• **YOUR OBJECTIVE**: Number of lines with the string "Schreibtisch" in the entries below: report it, and nothing besides.

• **EXTRACTED MATERIAL**:
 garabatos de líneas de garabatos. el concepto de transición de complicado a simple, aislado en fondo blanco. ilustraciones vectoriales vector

==

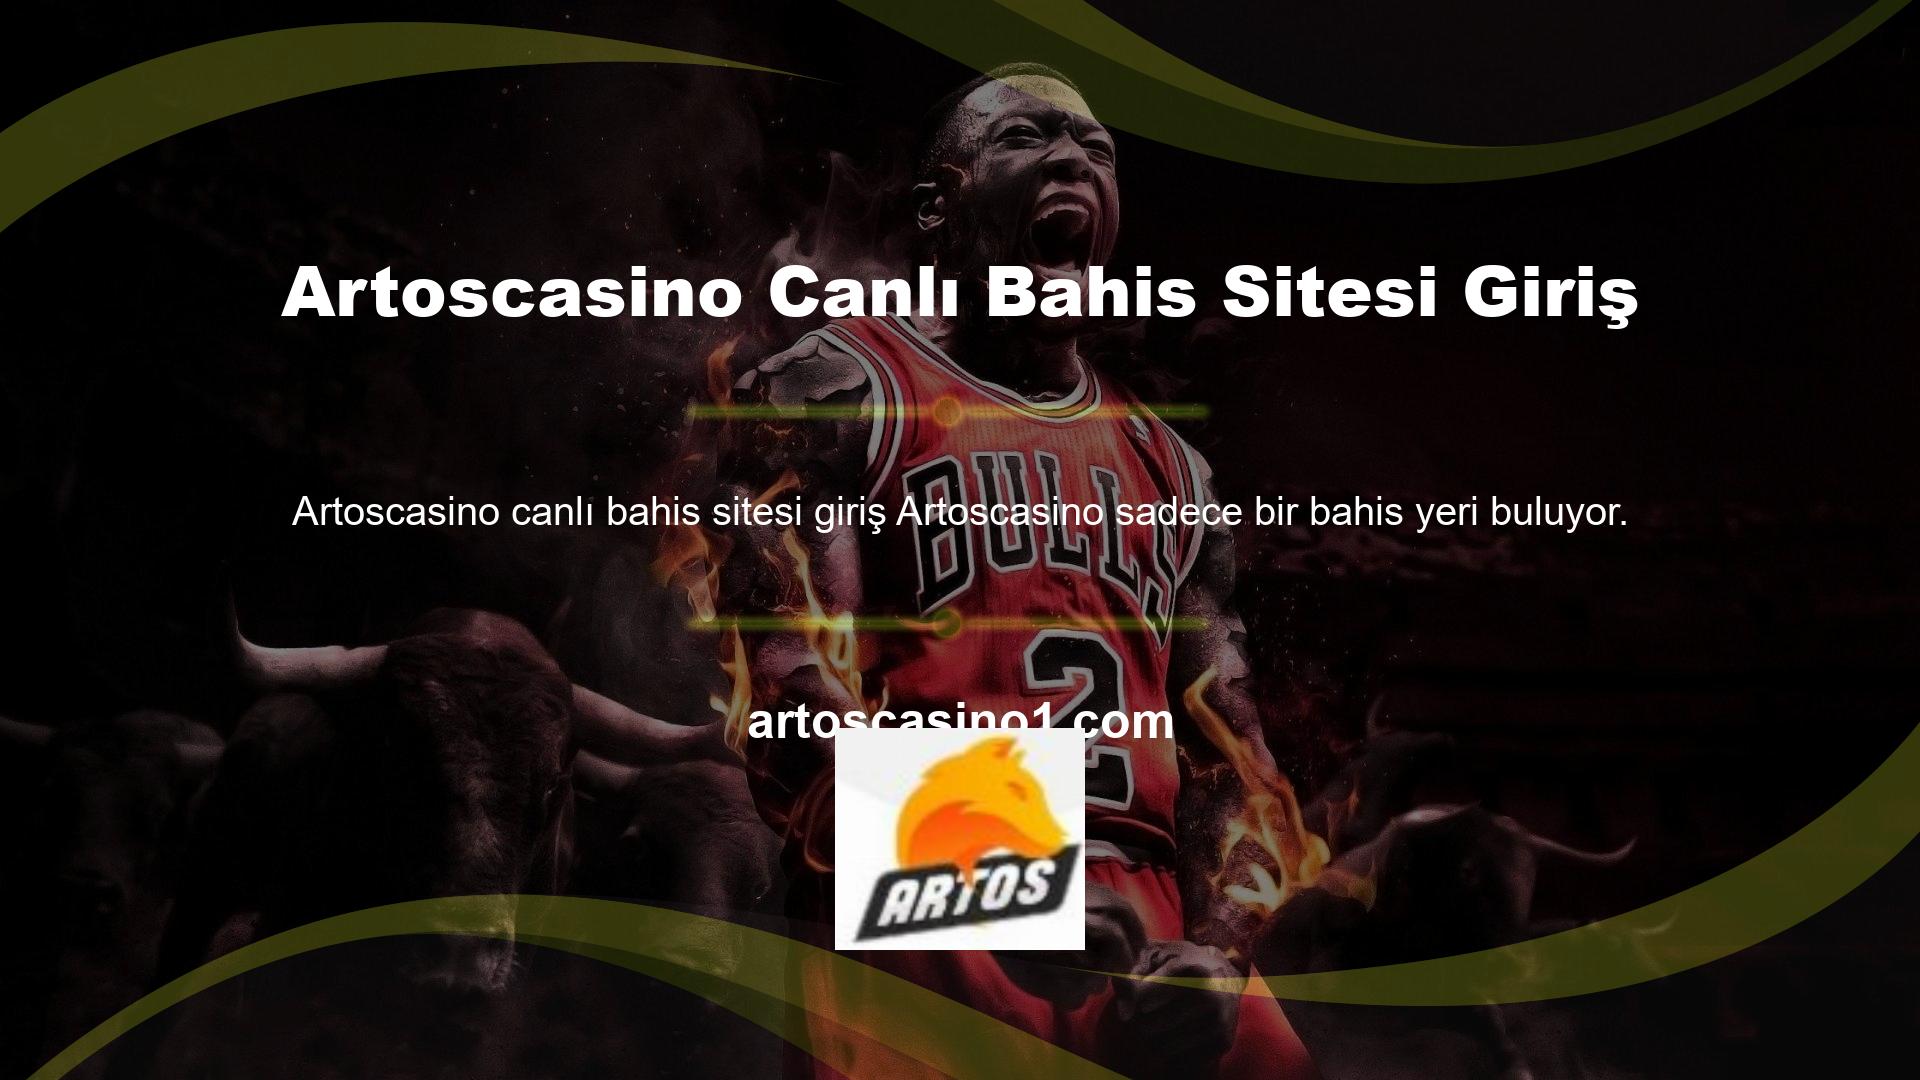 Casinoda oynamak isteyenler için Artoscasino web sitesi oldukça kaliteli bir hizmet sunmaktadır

--

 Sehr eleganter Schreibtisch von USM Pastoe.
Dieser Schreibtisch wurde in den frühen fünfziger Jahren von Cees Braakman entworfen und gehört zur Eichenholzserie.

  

• **RESULT OF THE TASK**: 2